I was walking over to the local Target this afternoon, and something about being so present in the reality of moment-by-moment life got me to realize one aspect of what makes living here so challenging. It's that there's no obvious way to move forward economically. You can survive here as a wage-earner--you are probably working two or three different jobs, and you live in a place with a roommate or three, but you can survive.

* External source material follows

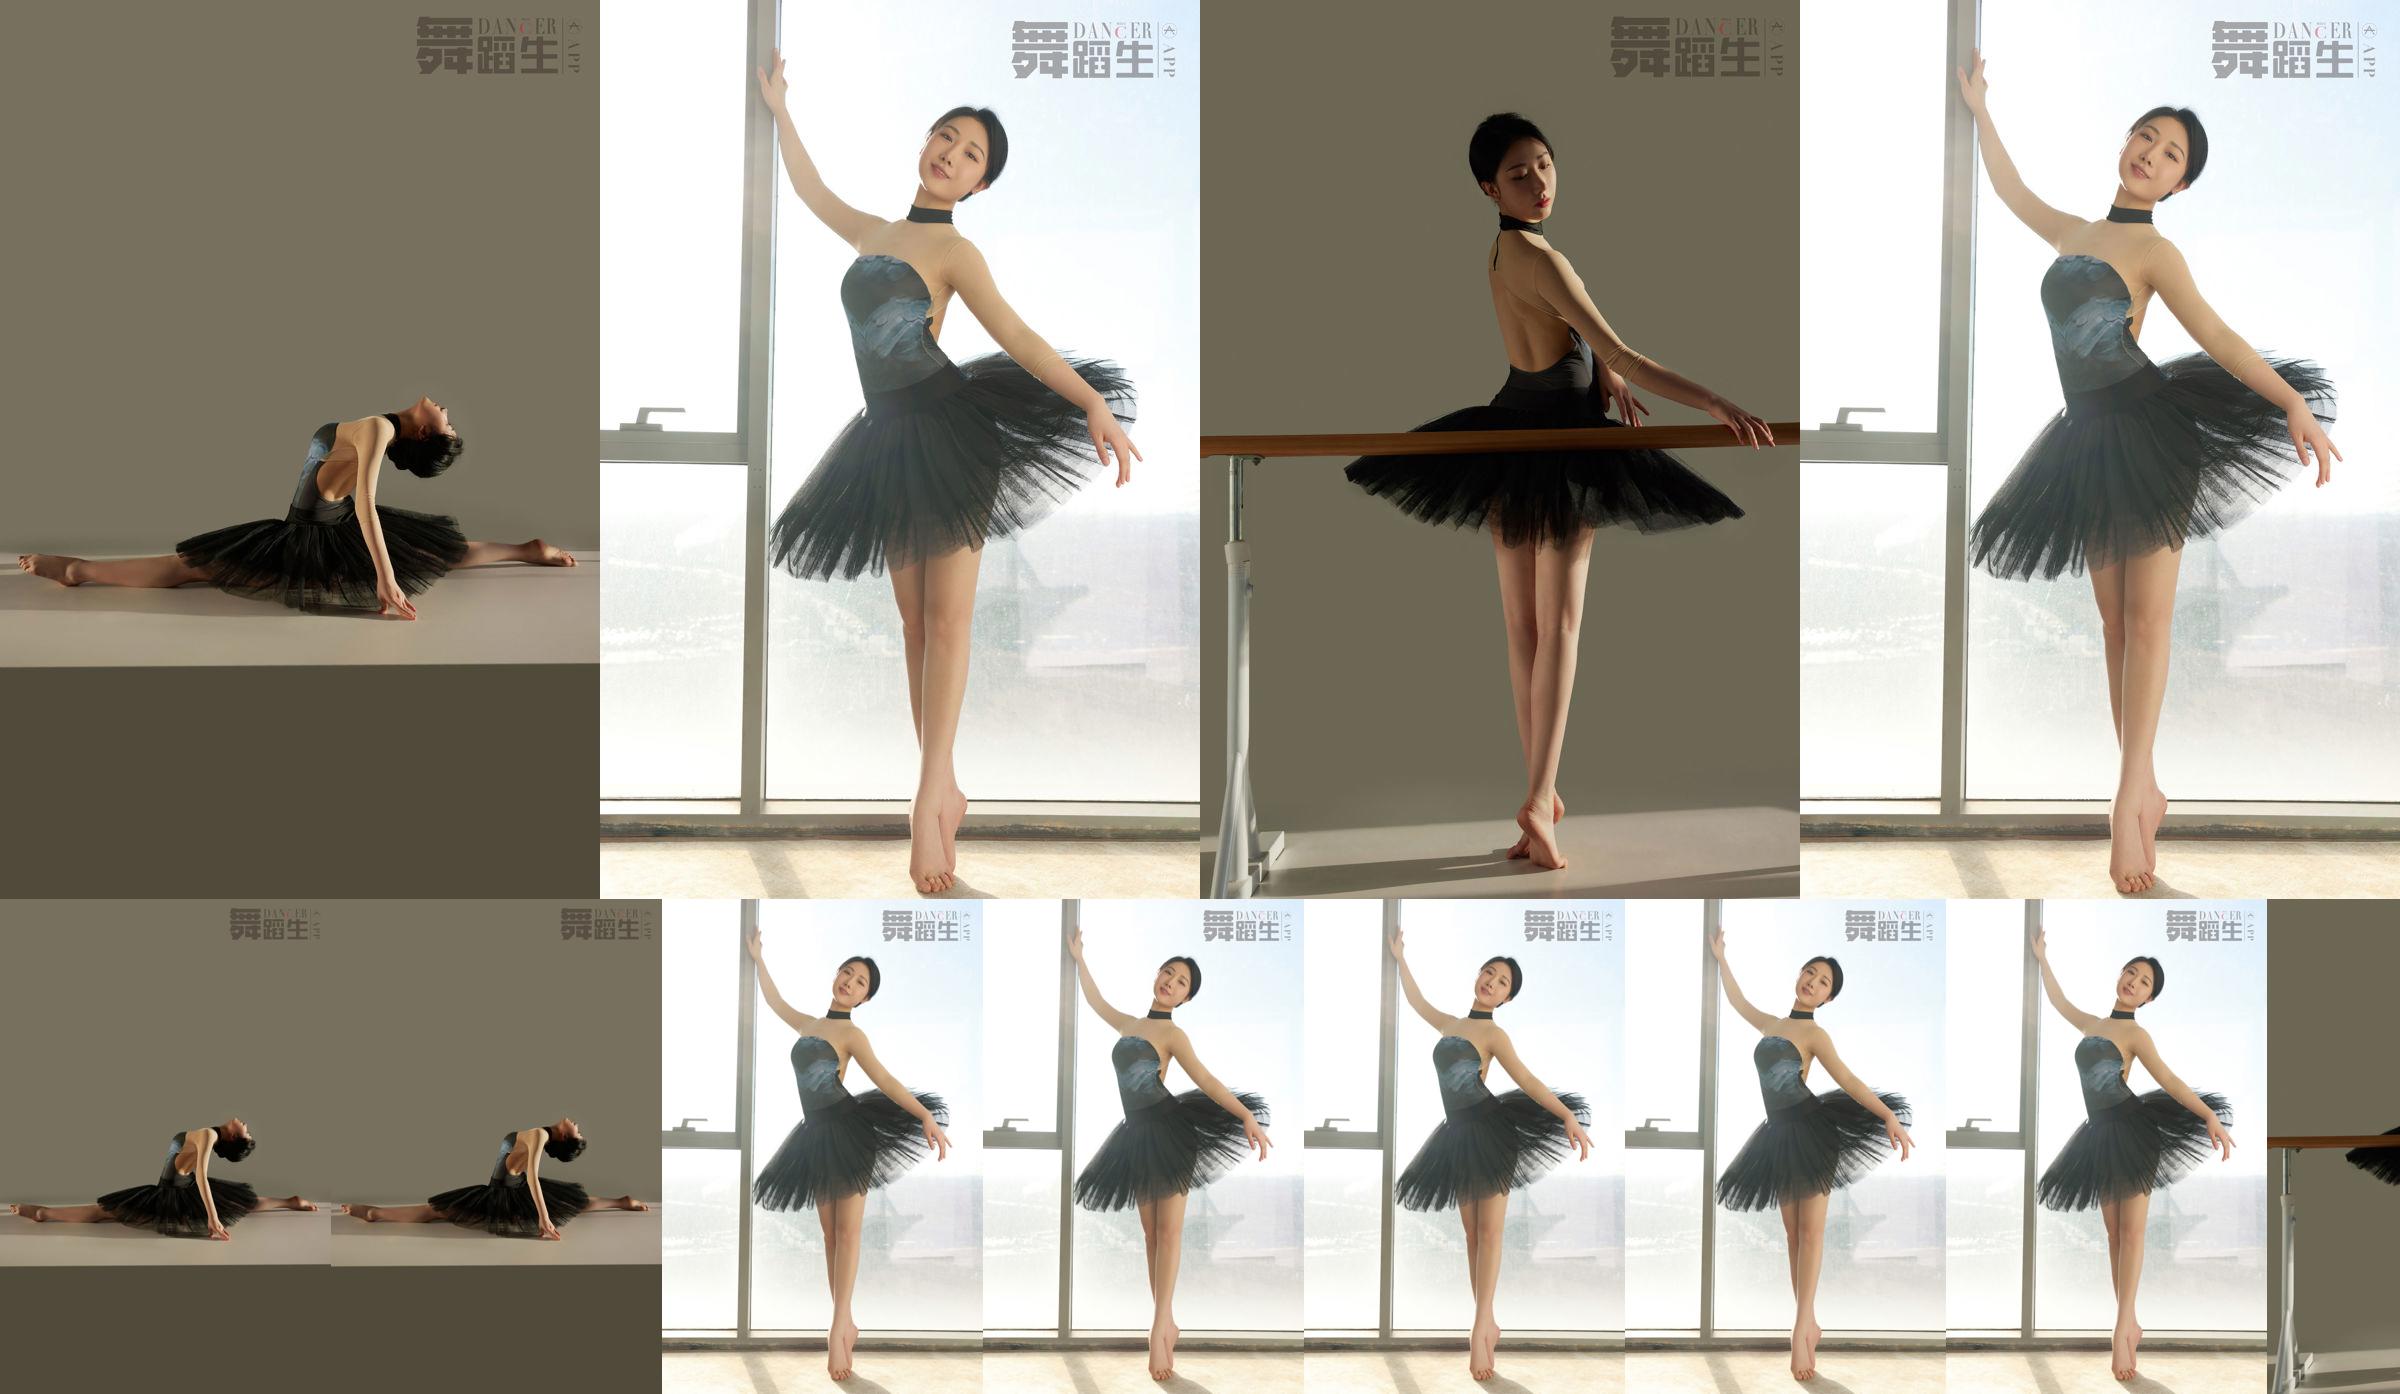 [Carrie Galli] Diario di una studentessa di danza 088 Xue Hui No.151098 Pagina 1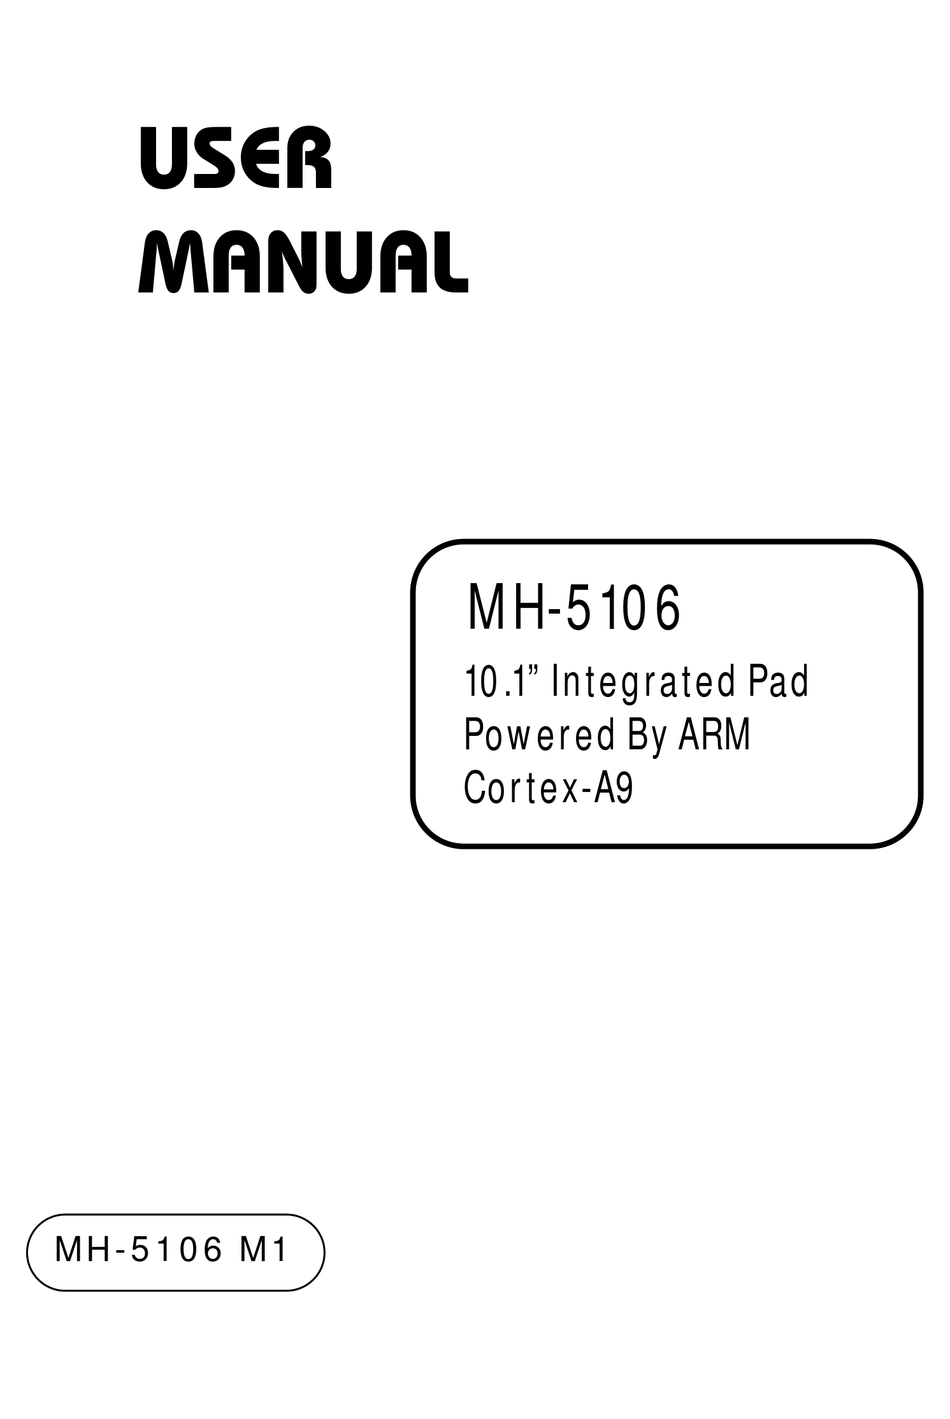 prox-mh-5106-user-manual-pdf-download-manualslib

To move up, though, is very difficult. Wages are flat, because there's a constant influx of short-term workers who are willing to work for zero dollars an hour (roughly) and a ski pass. But the economy works: tourism provides enough jobs that workers can find a way to make ends meet. However, cost of living, which is to say cost of housing, keeps rising, and quickly, because of a few factors: 1) supply is limited; 2) demand is high, because a) simply being here is desirable, because it's beautiful and there's a lot to do; b) all that tourist money coming in makes vacation property-investment profitable; c) There are enough investment bankers and corporate lawyers and cardiologists for whom buying a $700,000 condo as a vacation property isn't that big a deal.
But notice: there is no real incentive for the economy to produce the kind of jobs that move people up in the world. You survive via tourism or outside money. The result--for most locals, anyway--is a pervasive defeatism that only gets sufficiently assuaged because this is an incredible place to live. After all, even if you're broke, you can have an epic, amazing day. It costs nothing to, after all, to go hiking.